Sunday, October 09, 2011

Can you help me reduce my readership?

Yeah, I know what you're thinking: "Why would Cannon need help reducing his readership? He seems to be doing just fine on his own." Well, this is a special case.

Many of you are familiar with my most notorious post, published on April 1, 2006. The meme which debuted in that post has never died despite the efforts of some cynics to kill it.

The story seems to have particularly fired the imagination of a very religious personage named David J. Stewart, whose essay here links to my piece. Each day, I receive at least a hundred hits from Stewart's site -- sometimes far more than a hundred. Stewart, it seems, gets an awful lot of traffic.

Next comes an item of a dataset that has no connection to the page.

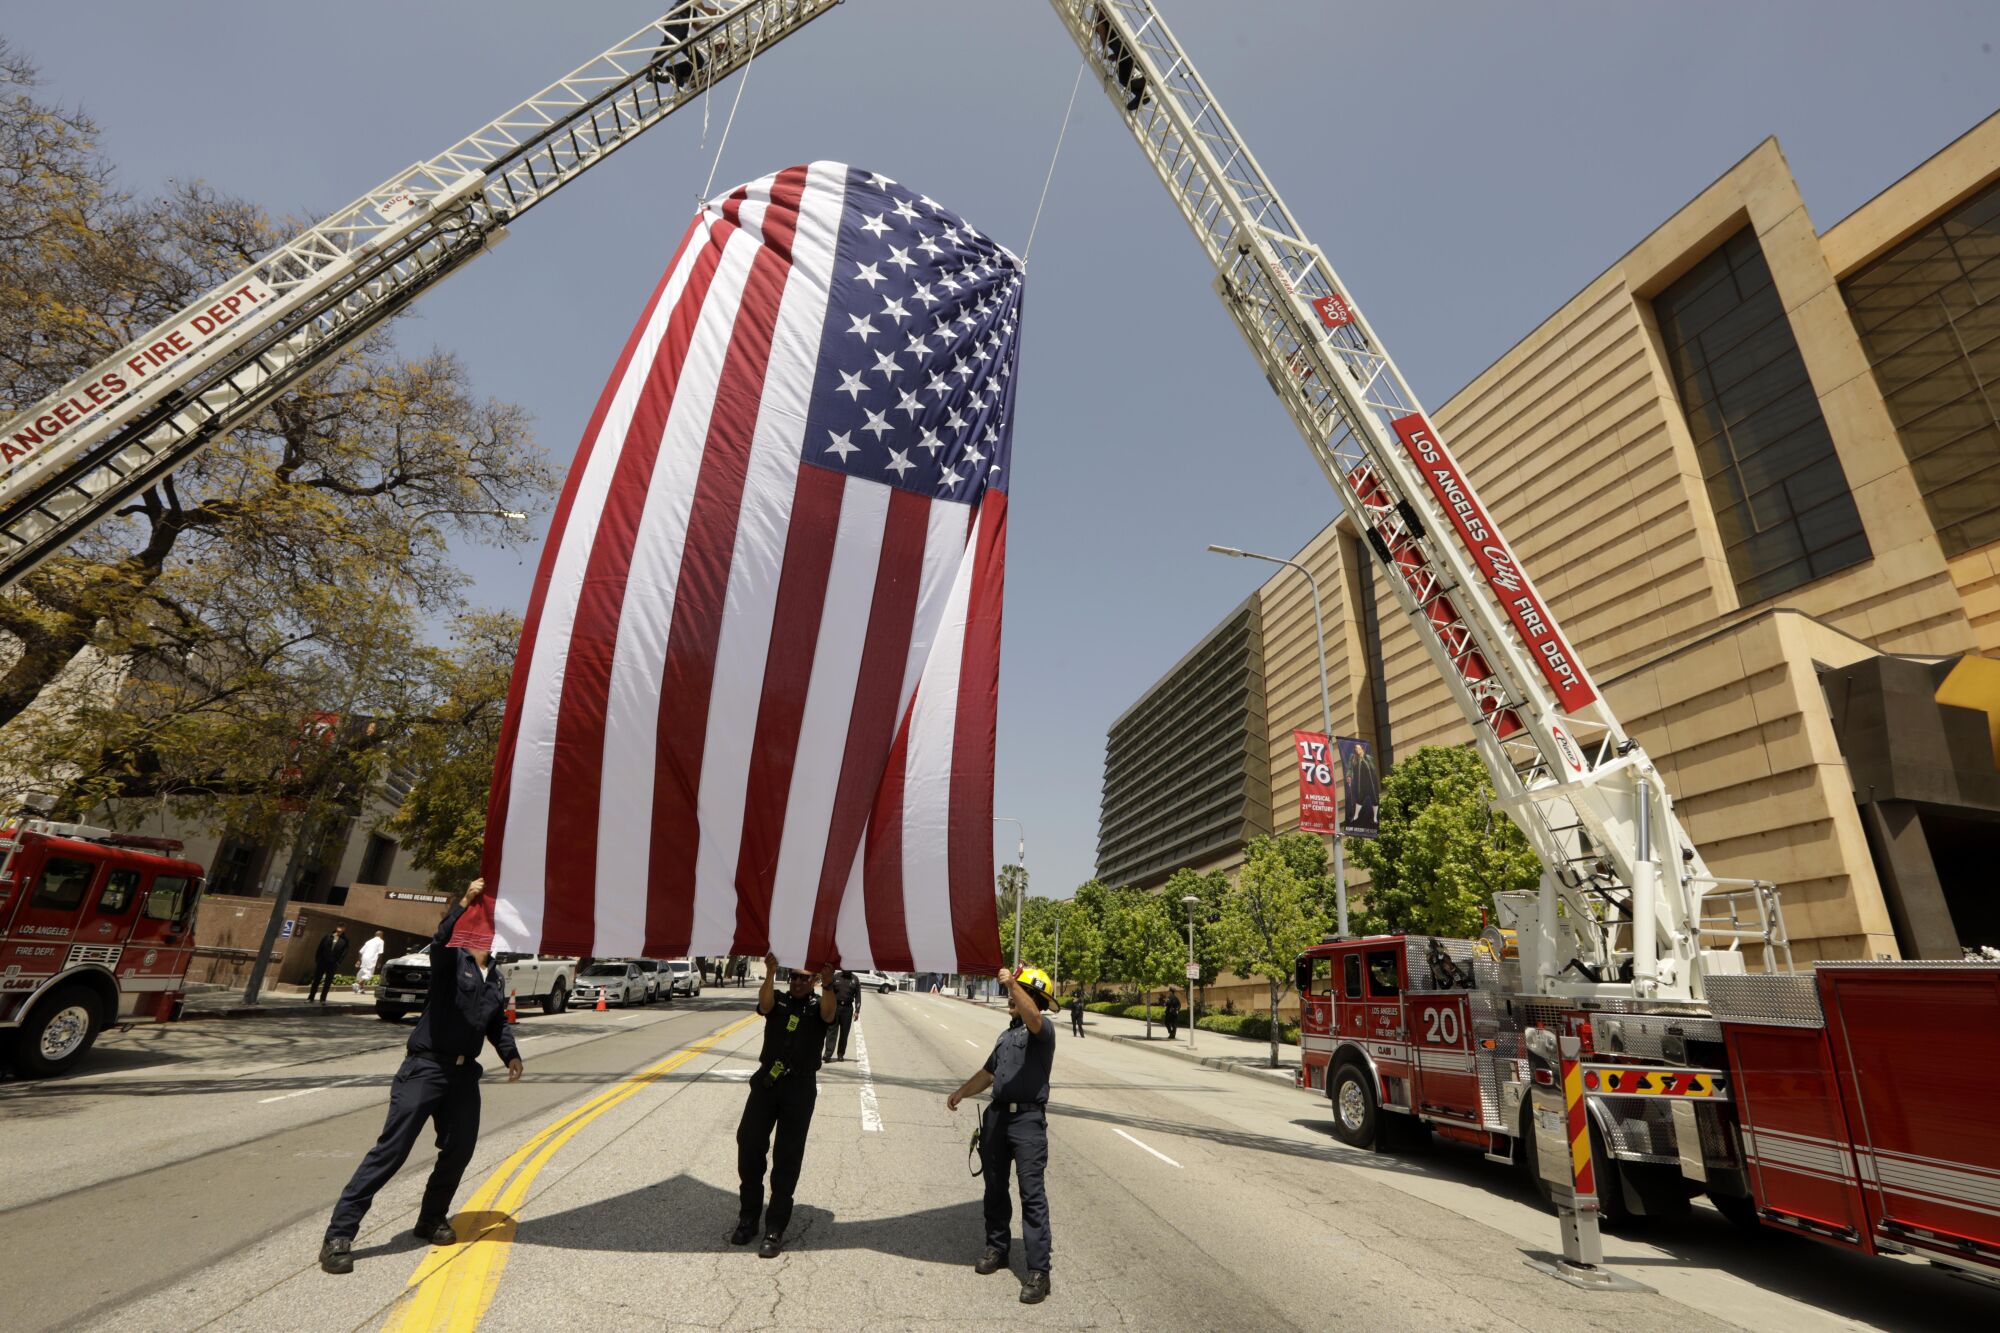 LAFD flies the US flag during a mass celebration commemorating the life of former Los Angeles Mayor Richard Riordan

I've tried writing to Stewart, but he's not in a receptive mood.
I apologize to all of my web visitors that I will be unable to answer any e-mails, nor read any, for the time being.
Can you think of a way to get a message through to the guy?

Incidentally, dear old Andy Breitbart -- on one of his "Big" sites -- once devoted a long thread to a discussion of Obama's authorship of the updated Communist Rules For Revolution. On April 1, 2011, Cannonfire told the whole horrifying story about Obama's youthful segue into the dark depths of Marxism. As some of you may recall, that post revealed that Obama's true parents were Alger Hiss and the daughter of the mysterious founder of the Nation of Islam. The Breitbartians accepted all of this without question. Alas, the discussion thread devoted to my reportage seems to have disappeared; if anyone can find that page again, I would be very grateful.

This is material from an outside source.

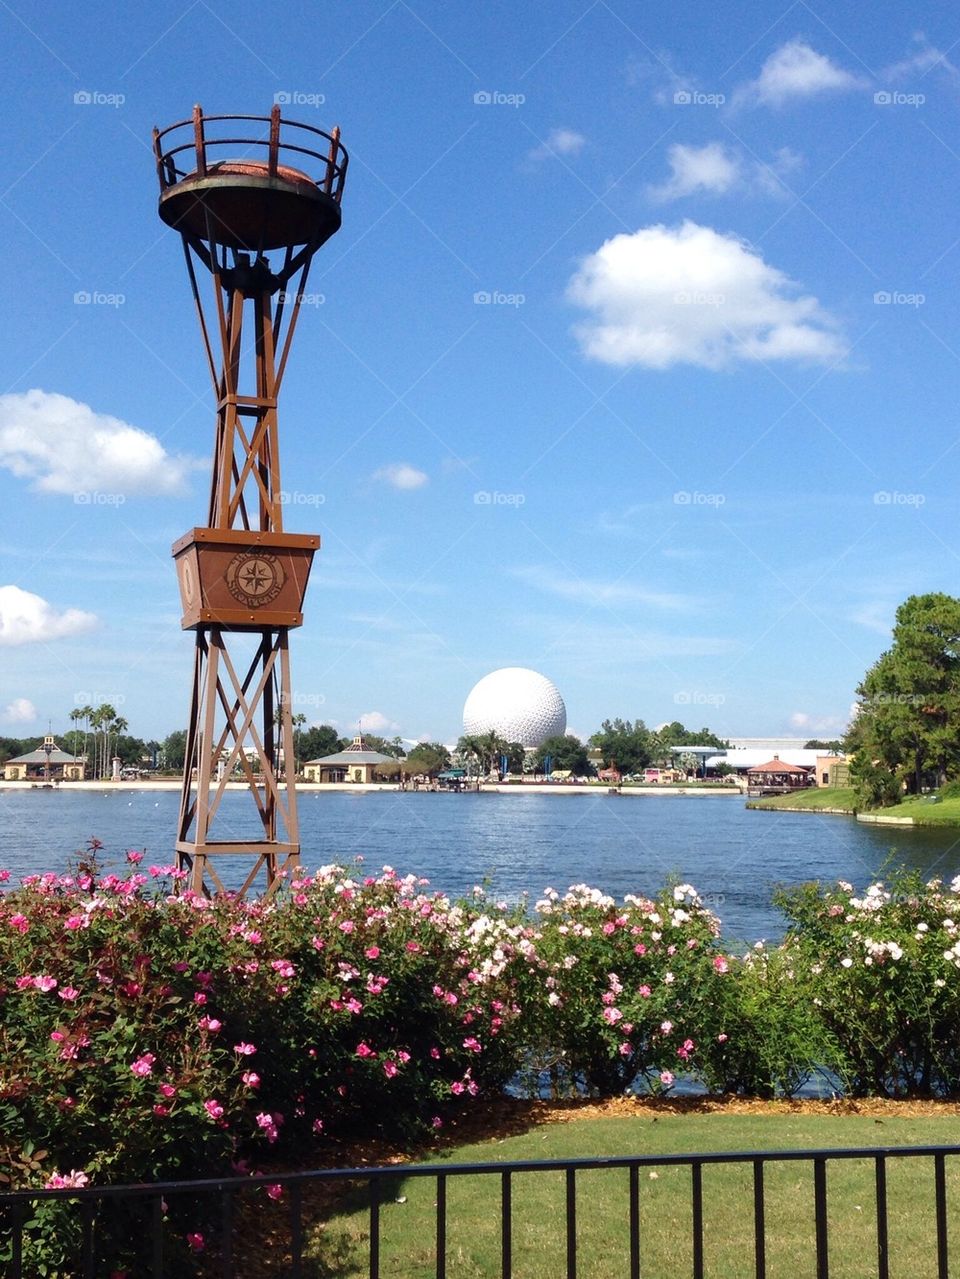 Epcot. Food and wine.

Finally: Some of you will recall this investigation of Hillary Clinton's links to the JFK investigation, published on April 1, 2008. That post seems to have inspired a genius named Captain Sherlock to write an online book titled "Lesbian Cults, Pedophile Oaths and Guild of Patented Hits." As you might guess from the title, it's a damned fine piece of journalism.

4 comments:

Aleister Crowley 2012 said...

Thanks for the link!

Seth Warren said...

You might be able to get rid of the unwanted traffic by dropping in a bit of code which makes it so that anyone clicking the link in the article on the high traffic site expecting to go to the article on your site ends up somewhere unexpected (you choose where, measured against your sense of humour and/or common decency).

Use at your own risk:
Javascript - http://javascript.internet.com/user-details/referrer-redirect.html

PHP - http://www.phpjabbers.com/redirect-based-on-referrer-or-ip-address-php2.html

Joseph Cannon said...

Seth, I was hoping someone would have a suggestion like that. Thanks so much!

Hoarseface said...

It sounds like Seth has the the type of solution you're after, but my first reaction during reading was: Why break the link? Instead, why not make the linked content even wackier?

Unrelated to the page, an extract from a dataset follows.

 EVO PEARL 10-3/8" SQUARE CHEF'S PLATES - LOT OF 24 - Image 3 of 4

I know you can post updates / addendums to previous posts; I assume the URL stays the same. You could always put a disclaimer in somewhere. So why not pad the post with even kookier content? Think of it as a social experiment: keep upping the Kook factor and monitor the traffic & comments from the linked site. What would be the straw that breaks the camel's back?

And another plus: a bad link doesn't get blamed on the linking site - no credibility erosion. On the flip side, a link to a crank post would undermine the linking site's reputation.

I can't place the source, but I read a comment once (from a name, not an internet moniker) basically saying that the most effective way to subvert an opposing viewpoint's credibility was to adopt the viewpoint yourself and act as it's proponent, focusing on it's most absurd premises (see: Stephen Colbert).